In thinking about it, we realized that hauling bees is one of the most challenging jobs in all of flatbed trucking. Right off the top, bees constitute live cargo. Truckers are not just hauling inanimate objects that could easily be replaced in the event of unforeseen damage. They are dealing with living creatures that beekeepers cannot afford to lose.
Dwindling Bee Populations
Honeybee populations have been dwindling over the last couple of decades or so. All around the world, researchers and beekeepers alike have been struggling to find out why colonies are collapsing. In the meantime, they have also been working to restore populations to previous levels. That is the reason truck drivers have to be so very careful when hauling bees.
Beekeepers cannot afford to lose even one hive. They certainly do not want to load a flatbed full of as many as 400 colonies only to have them all collapse before they reach their destination. As such, they are extremely strict guidelines beekeepers and truckers follow for preparing, loading, transporting, and unloading beehives.
From the Trucker’s Perspective
As you know, truck drivers are ultimately responsible for the safety of their cargo from the moment it is loaded until the moment it comes off the trailer. It is a lot of responsibility under normal circumstances, but the responsibility is even greater when a driver is hauling bees.
Truck drivers have to take great care to make sure hives are loaded gently and safely. He or she has to calculate weight to make sure the loaded rig falls within federal and state guidelines. The driver then has to check the height to make sure stacked hives are low enough to accommodate height restrictions. Finally, he or she has to tie down the load with straps in such a way as to secure each one without damaging the protective wood around it.
A bee net is put over the top of the load for reasons mentioned earlier in this post.

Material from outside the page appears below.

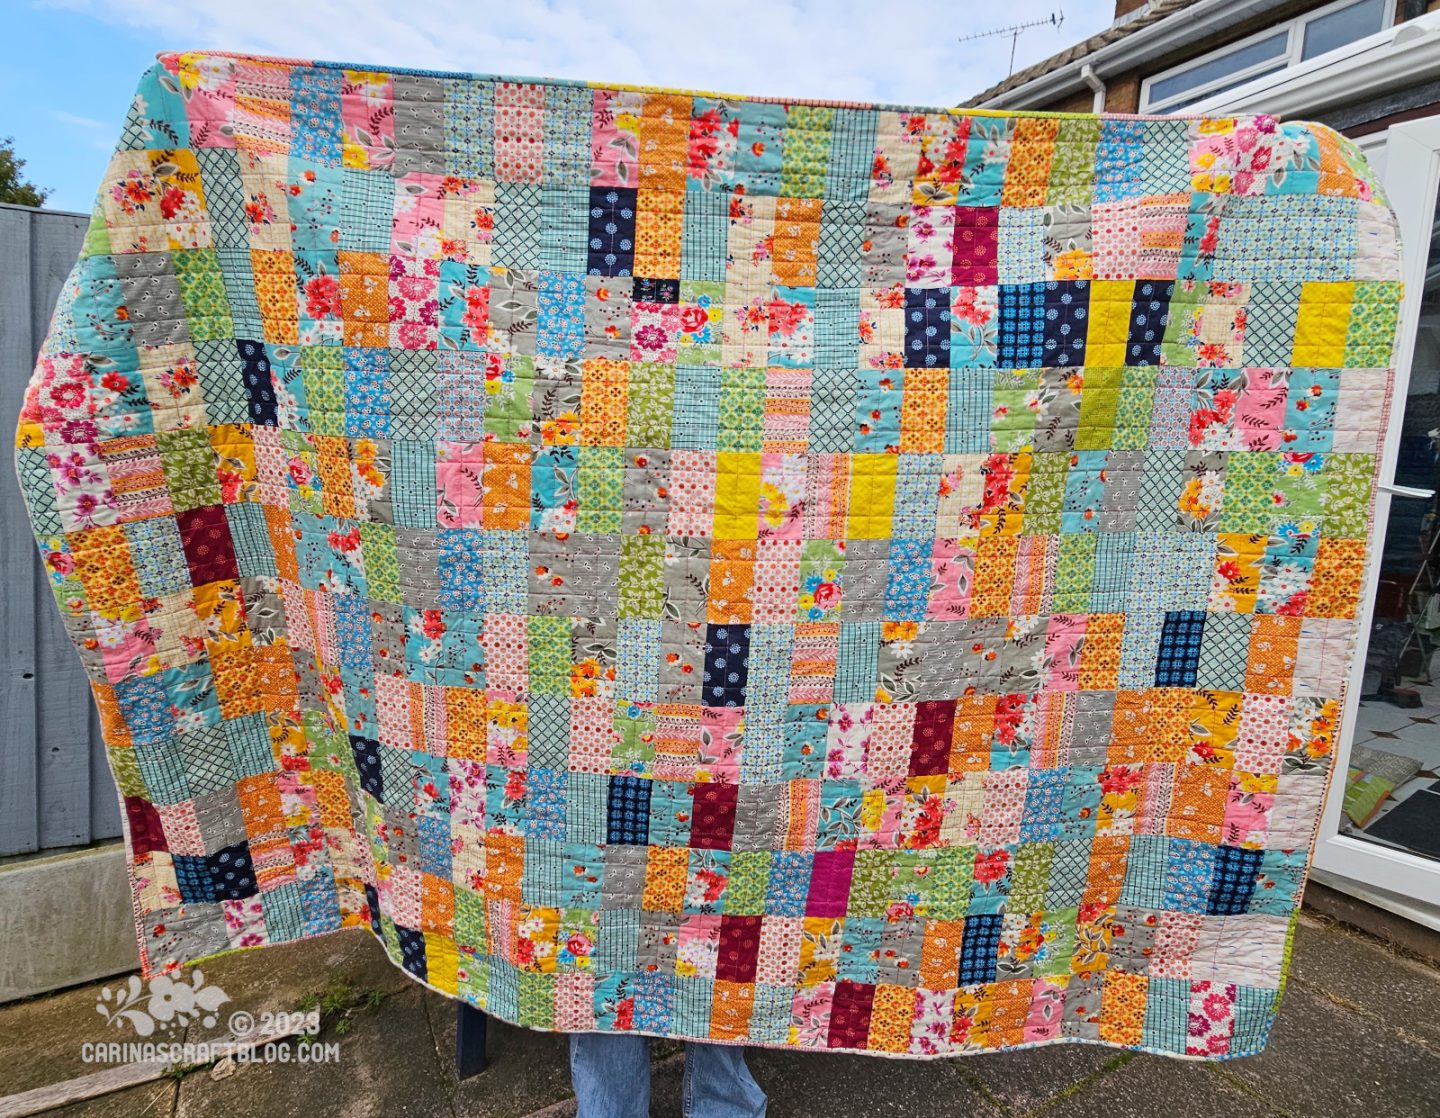 A quilt is held up horizontally by a person standing on a patio with a blue fence behind them. The quilt front is made up of multi colour rectangles.

If the beekeeper has done his/her job, very few bees will escape the hives during transport. Those that do will be kept in the general proximity by the bee net.
Once on the road, the driver has to stop at regular intervals to inspect the load. There can be no room for load shifting as this could upset the colonies. The driver also inspects the bee net to make sure it is still firmly in place. As for the driving itself, the trucker has to take it easy. He/she has to be easy on the gas, easy on the turns, and is consistent as possible with speed.
Good Driving Benefits All of Us
Provided the truck driver does everything by the book, we all benefit. Beehives reach their destination intact and full of healthy bees just waiting to get to work. Those bees are released to pollinate both farmlands and wild nature alike.
Did you know honeybees are among the most prolific pollinators in all of nature? They do the majority of the heavy lifting, so to speak, which is why we cannot afford to allow bee populations to fall any further. Those truck drivers who haul beehives do a difficult job for which we should all be grateful.